Volker Beck und Luise Amtsberg, Sprecherin für Flüchtlingspolitik in der Grünen-Fraktion, haben deshalb einen Brief an EU-Kommissionspräsident Jean-Claude Juncker geschrieben. In dem Brief, der dieser Zeitung vorliegt, ersuchen sie die EU-Kommission um die Einleitung eines Vertragsverletzungsverfahrens gegen die Bundesrepublik.

In einer Bundestagsdebatte Anfang Juli hatte Bundesinnenminister Thomas de Maizière das Ausreisegewahrsam verteidigt. Es könne nicht sein, dass Ausreisepflichtige dauerhaft im Land bleiben, sagte der CDU-Politiker damals. „Da macht sich der Rechtsstaat lächerlich.“

Es kommen weniger Menschen über die Grenze nach Bayern

Unterdessen wurde bekannt: Die Zahl der eingereisten Migranten hat sich im Dezember im Vergleich zum Vormonat mehr als halbiert. Aus einer Statistik der Bundespolizei, die Reuters vorliegt, geht hervor: Bis Sonntag, den 20. Dezember, wurden bei Kontrollen 73.500 Migranten gezählt. Im Vormonat waren es im selben Zeitraum schon 170.000 gewesen.

Die Zahlen im Dezember variieren bisher zwischen 2000 und 5000 Einreisen pro Tag.
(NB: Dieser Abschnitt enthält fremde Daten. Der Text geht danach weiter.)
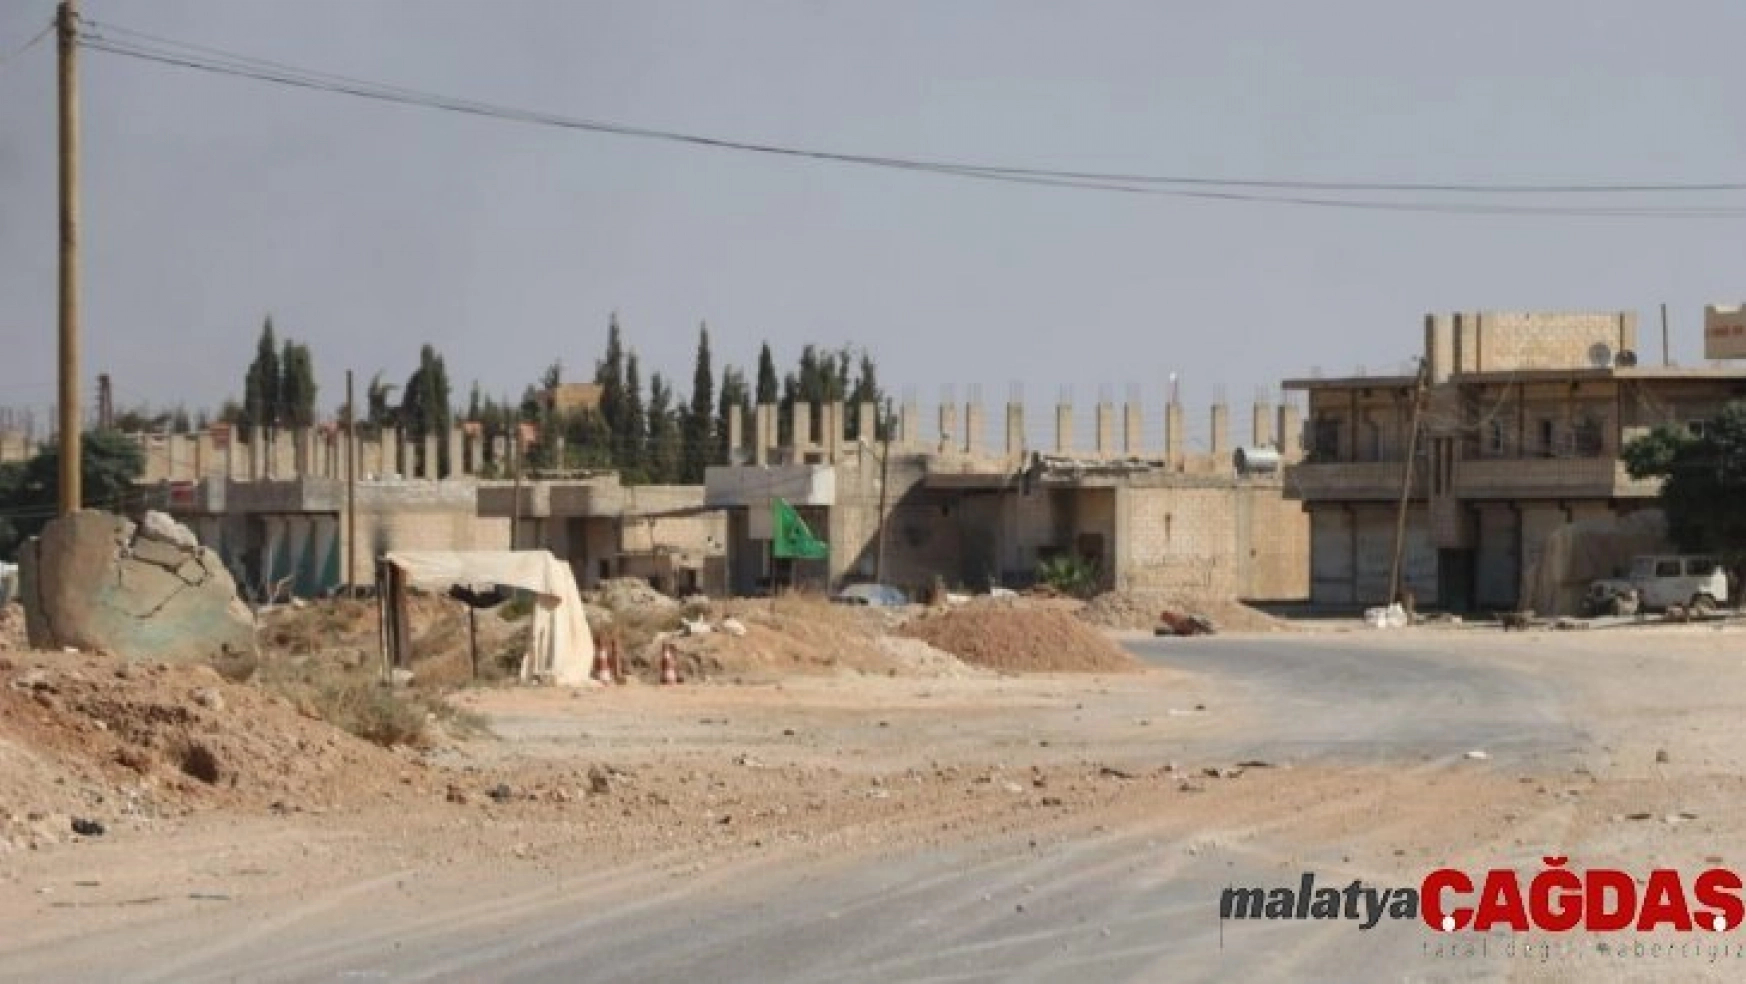 Suriye Milli Ordusu Resulayn şehir merkezinde kontrolü ele geçirdi

Am Sonntag wurden knapp 3500 Migranten gezählt, davon 3066 in Bayern. Anders als noch im Vormonat führt die Bundespolizei seit Anfang Dezember Flüchtlinge, die dabei sind, in ein anderes Land auszureisen, gesondert auf. Von den 73.500 festgestellten Personen im Dezember betrifft dies rund 6000 Menschen, die sich meist auf dem Weg per Zug oder Fähre nach Skandinavien befanden. Netto beläuft sich die Zahl der Einreisen damit im Dezember bislang auf rund 68.000.

Bis Ende November kamen 965.000 Flüchtlinge nach Deutschland

Die Zahlen der Bundespolizei basieren auf stichprobenartigen Kontrollen in den Grenzregionen. Die Länder wiederum führen in der Datenbank Easy die von ihnen registrierten Flüchtlinge auf. Demnach kamen bis Ende November 965.000 Menschen ins Land. Die Marke von einer Million ist damit inzwischen deutlich überschritten worden.

Als Gründe für den Rückgang gelten die winterlichen Temperaturen und das Wetter in der Ägäis, weswegen viele Menschen die Bootsüberfahrt von der Türkei nach Griechenland scheuen. Zudem hat die Türkei die Kontrollen an den Außengrenzen verstärkt.